5.4 Simulation of Summer Monsoon Convection at the U.S. Army White Sand Missile Range Using NCAR RTFDDA-VLES

Thursday, 14 January 2016: 11:45 AM
Room 338/339 ( New Orleans Ernest N. Morial Convention Center)
Yubao Liu, NCAR, Boulder, CO; and J. Knievel, Y. Liu, R. Dumais, and D. I. Knapp

The NCAR WRF (Weather Research and Forecasting) Model based RTFDDA-VLES (real-time four-dimensional data assimilation and very large eddy simulation) model is employed to study a case of summer monsoon convection and a case of late spring severe wind at White Sands Missile Range (WSMR), NM. Both convection and high winds affect the planning and execution of missile tests at WSMR, and both are influenced by local complex terrain, including the steep San Andres Mountains. to the west and the broader Sacramento Mountains. to the east. Thus it is of great interest to study the capability of numerical weather prediction models for simulating such weather at very high resolutions, with which fine scale terrain can be reasonably represented.
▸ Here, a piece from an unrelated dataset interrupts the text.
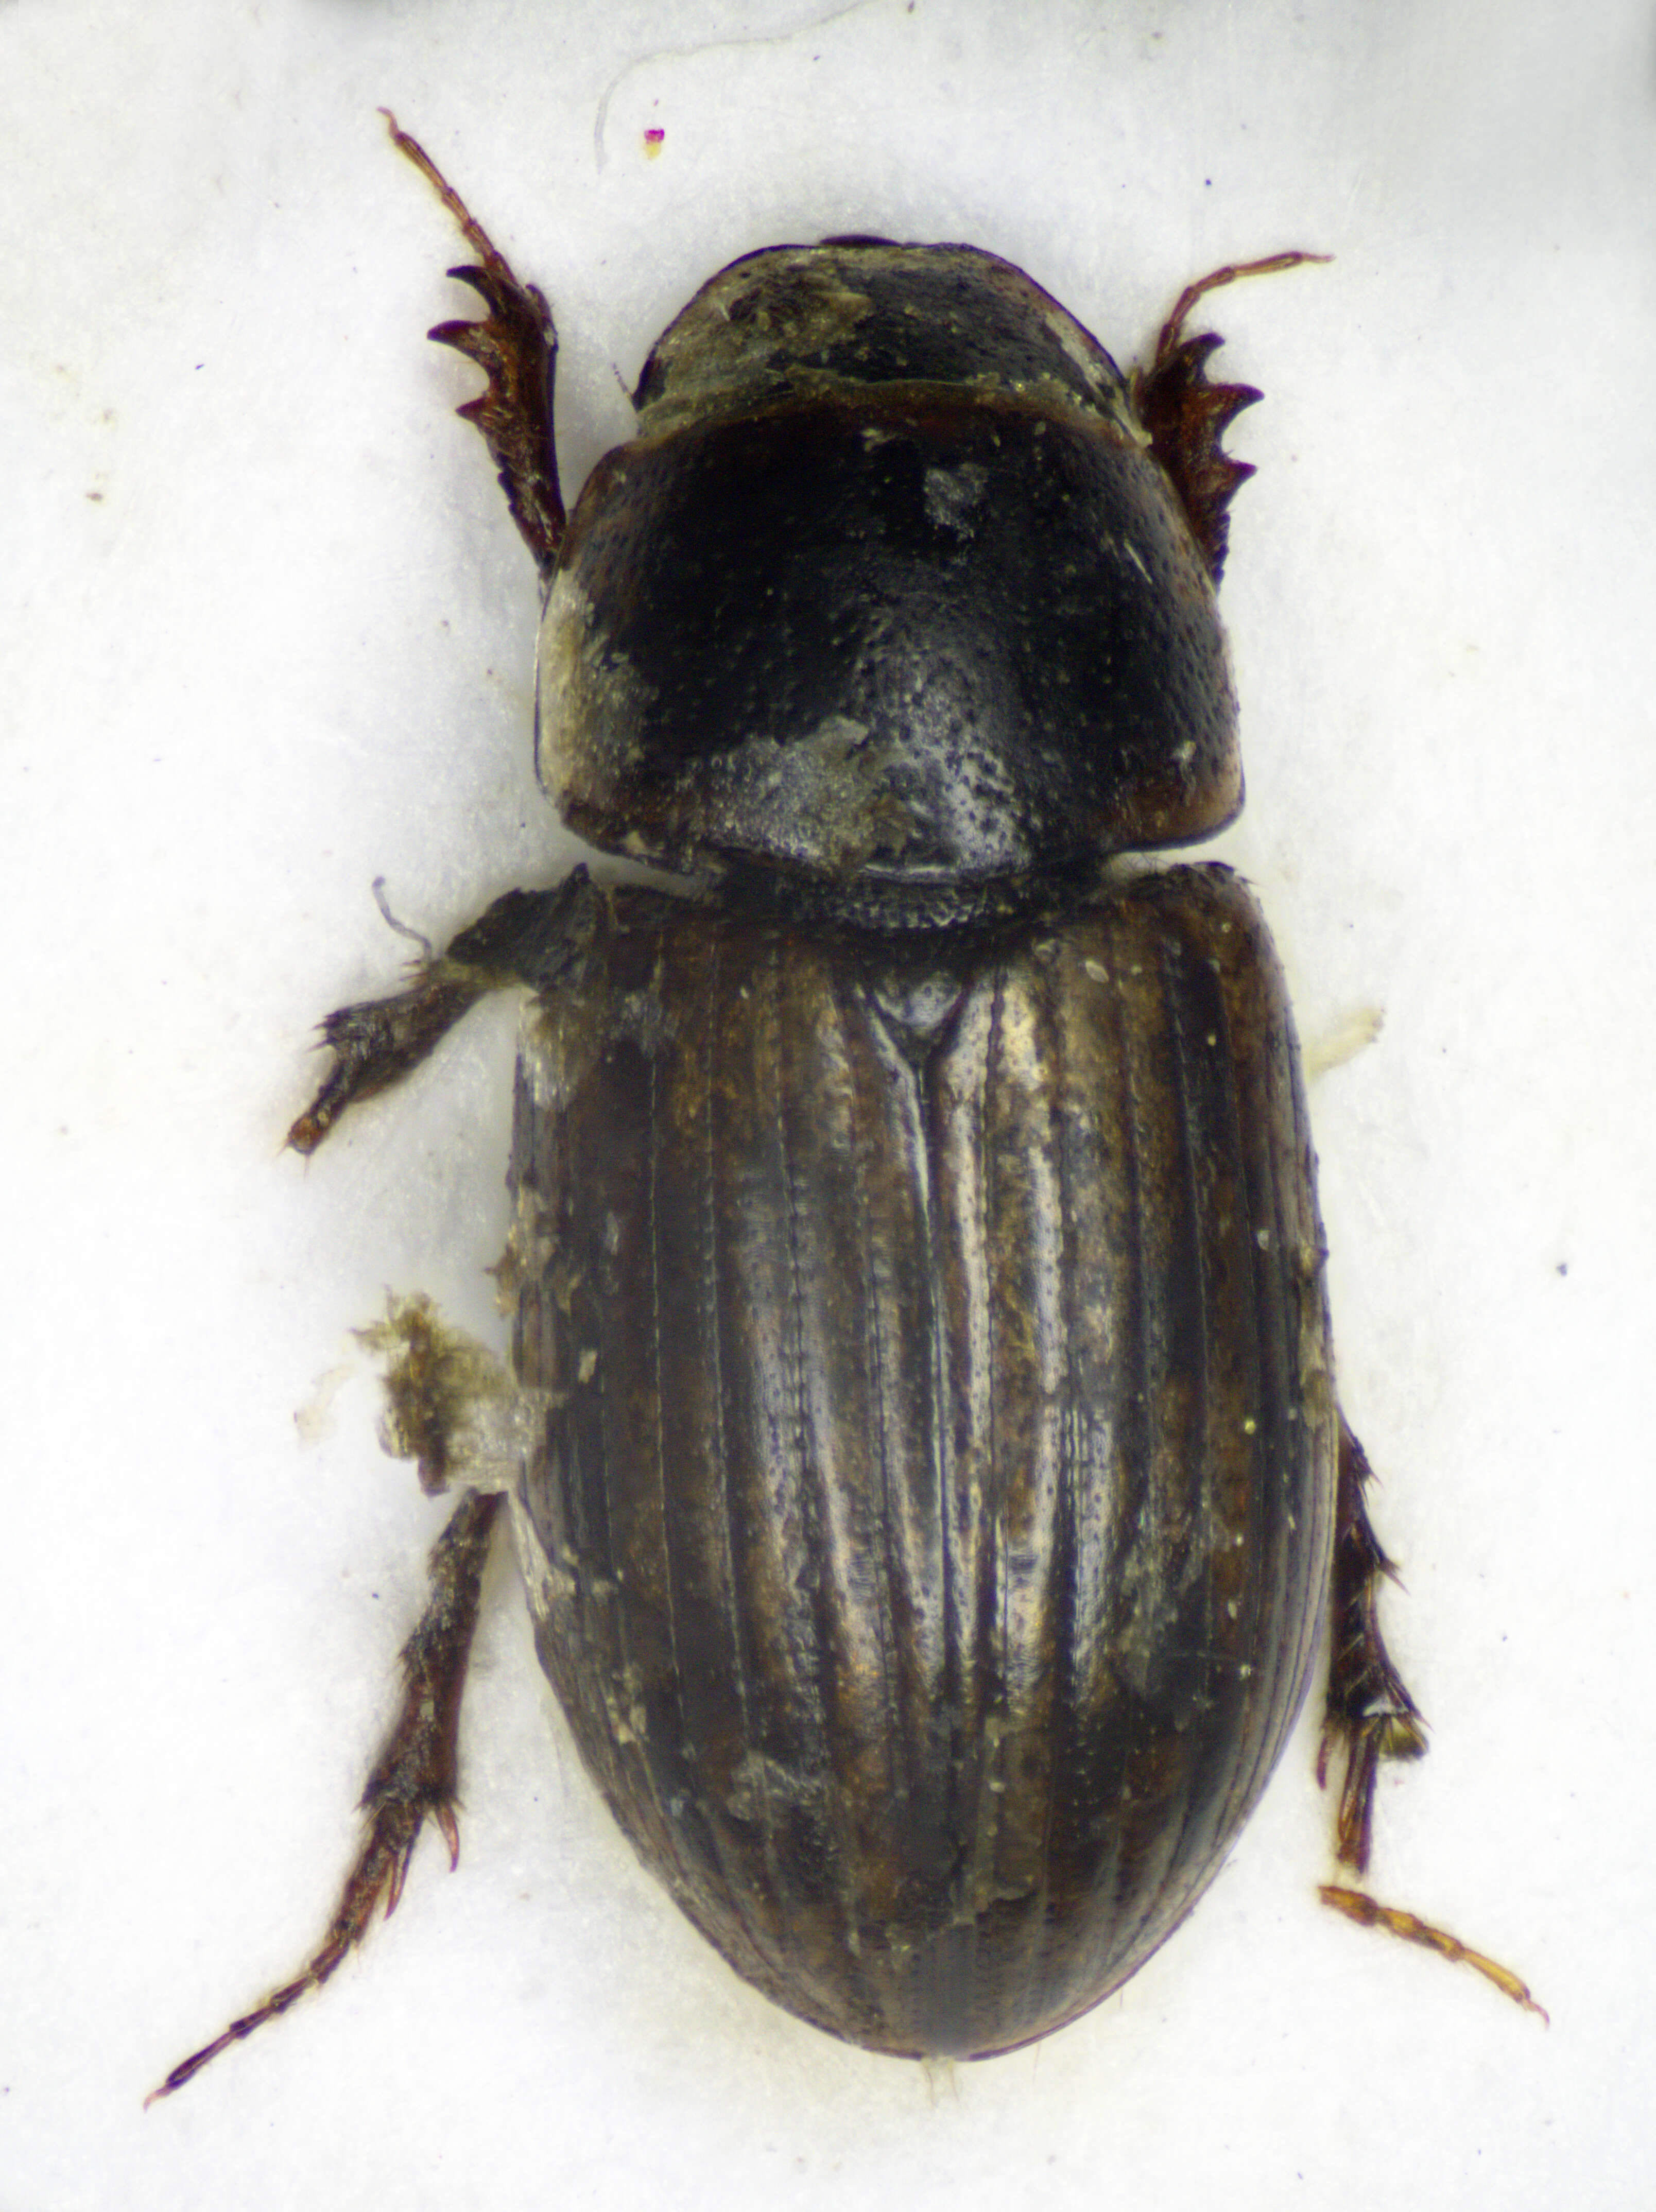 Image of Coleoptera

The RTFDDA-VLES model is configured with five nested-grid domains at grid intervals of 8.1, 2.7, 0.9, 0.3, and 0.1 km, respectively. For the two case studies, 4-D data assimilation was active on the three coarsest grids. Preliminary modeling results show that smaller grid intervals increase the model's ability to simulate the fine-scale structure and intensity of moist convection and high wind. Spurious noise and phase shifts of the simulated phenomena often occur on all domains. Sensitivity experiments reveal the impact of different sub-grid filters (diffusion schemes), terrain smoothing, and surface momentum fluxes and heat fluxes. The results will be discussed.